A Notre Dame Story

It’s the people you remember, and the ways they thread in and out and back into your life.

Author: Kerry Temple ’74

Math was a mystery, never more so than in fall 1970. Freshman calculus. Mr. Peebles was the teacher. He would execute formulae on the chalkboard — his back to us — effortlessly computing, transmuting, unpacking their numeric secrets in an elegant, clinical metamorphosis. It all seemed logical and reasonable as he performed the dance of x and y, variables and integrals. But the goods in his brain did not transfer into mine. Put chalk or pencil in my hand and the formula stared back at me with the same opacity that I encounter when looking under the hood of a car at an engine gone bad.

So it was during that first exam. I scanned the four sheets of problems and diddled long enough that my early exit would not seem abrupt. I remember walking through the large room in which four sections of first-year mathematicians — heads bowed, pencils scratching out equations — calculated on.

A few days later Mr. Peebles scolded us for our dismal performance. “This is college,” he announced, “and if you don’t shape up and get serious, you won’t make it here. In fact,” he added, “you can be certain that one in three of you will fail this course. So just look on each side of you. One of you three will not make it. Count on that.”

I had scored 12 out of 50 on that exam. So I alerted the strangers sitting beside me. “Don’t worry,” I told them. “I’ve got our threesome covered.”


She asked me to stay after class. Ms. Ciske. She was a graduate student teaching Freshman Comp & Lit. I had gotten another bad grade. So as everyone else shuffled out of the congested O’Shaughnessy Hall classroom, I stayed in my seat. She wanted to know if I knew why I kept getting bad grades. I didn’t tell her I had lately been complaining to roommates about her.

She talked about topic sentences and thesis statements, about reading a text and mining it for meaning, and about making a case for what I’d found, presenting evidence and arguments from the bones buried in the text — an exposition of the author’s intentions. Or maybe just your own theories and conclusions, she allowed, but backed up with documentation. She talked about writing with discipline and clarity.

Stop with all the BS-ing, she said, the hyperbole and the blah-blah-blah. This stuff you think is so creative. Just so many flowery words. Making it up as you go. This isn’t the place for that. It’s fine if you want to try to write that way. But somewhere else.
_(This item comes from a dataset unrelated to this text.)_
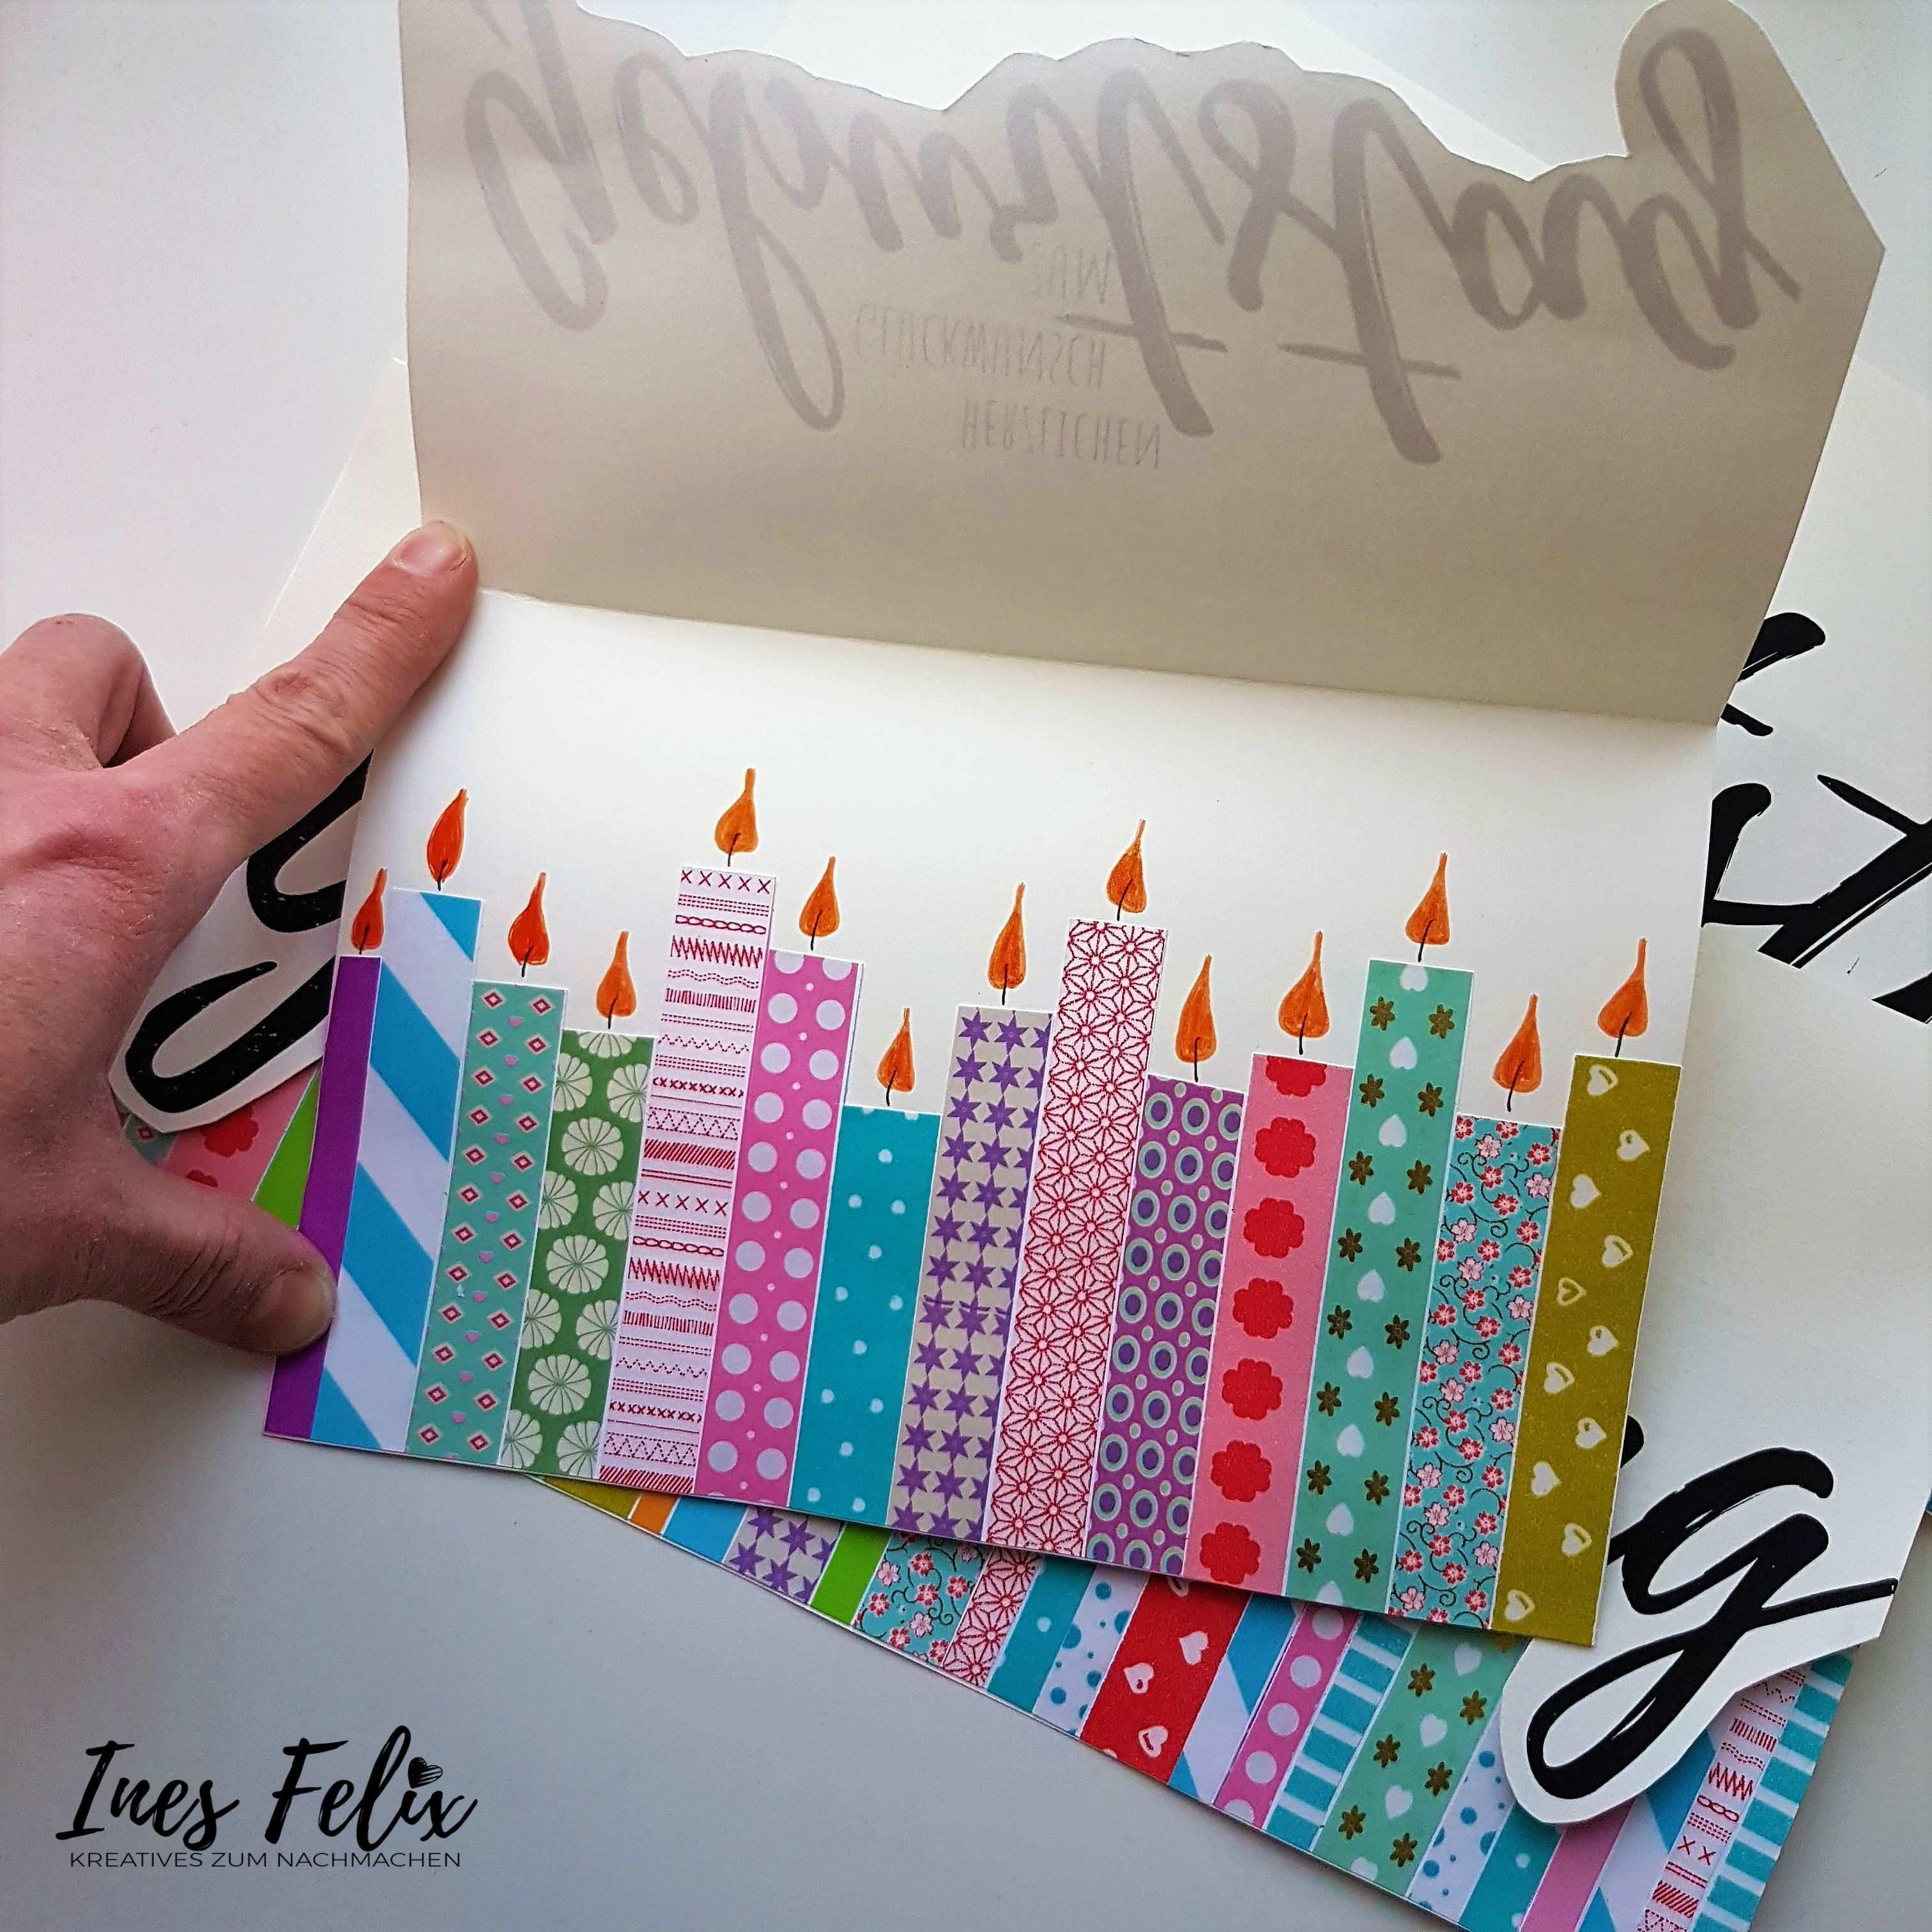 Geburtstagskarte Mit Kerzen Aus Masking Tape Bunt Schon Und Schnell Gemacht Mit Vorlage Zum Ausdruc Karte Basteln Geburtstag Geburtstagskarte Karten Basteln

Not in here.

Somehow she said all this with kindness in her voice.

And I was listening.

I still have the paper I wrote for the final in that class: an intelligent deliberation of Joseph Conrad’s Heart of Darkness. The novella came to mind a few years later when I watched Francis Ford Coppola’s Apocalypse Now. I also kept a paper I wrote for another class about the meaning of the river in The Adventures of Huckleberry Finn and another on the importance of trees in Willa Cather’s work. And I thought of Ms. Ciske decades later when I ran across this quote from the English writer Julian Barnes: “Showing off is part of ambition; but now that we are old, let us have the confidence to speak simply.”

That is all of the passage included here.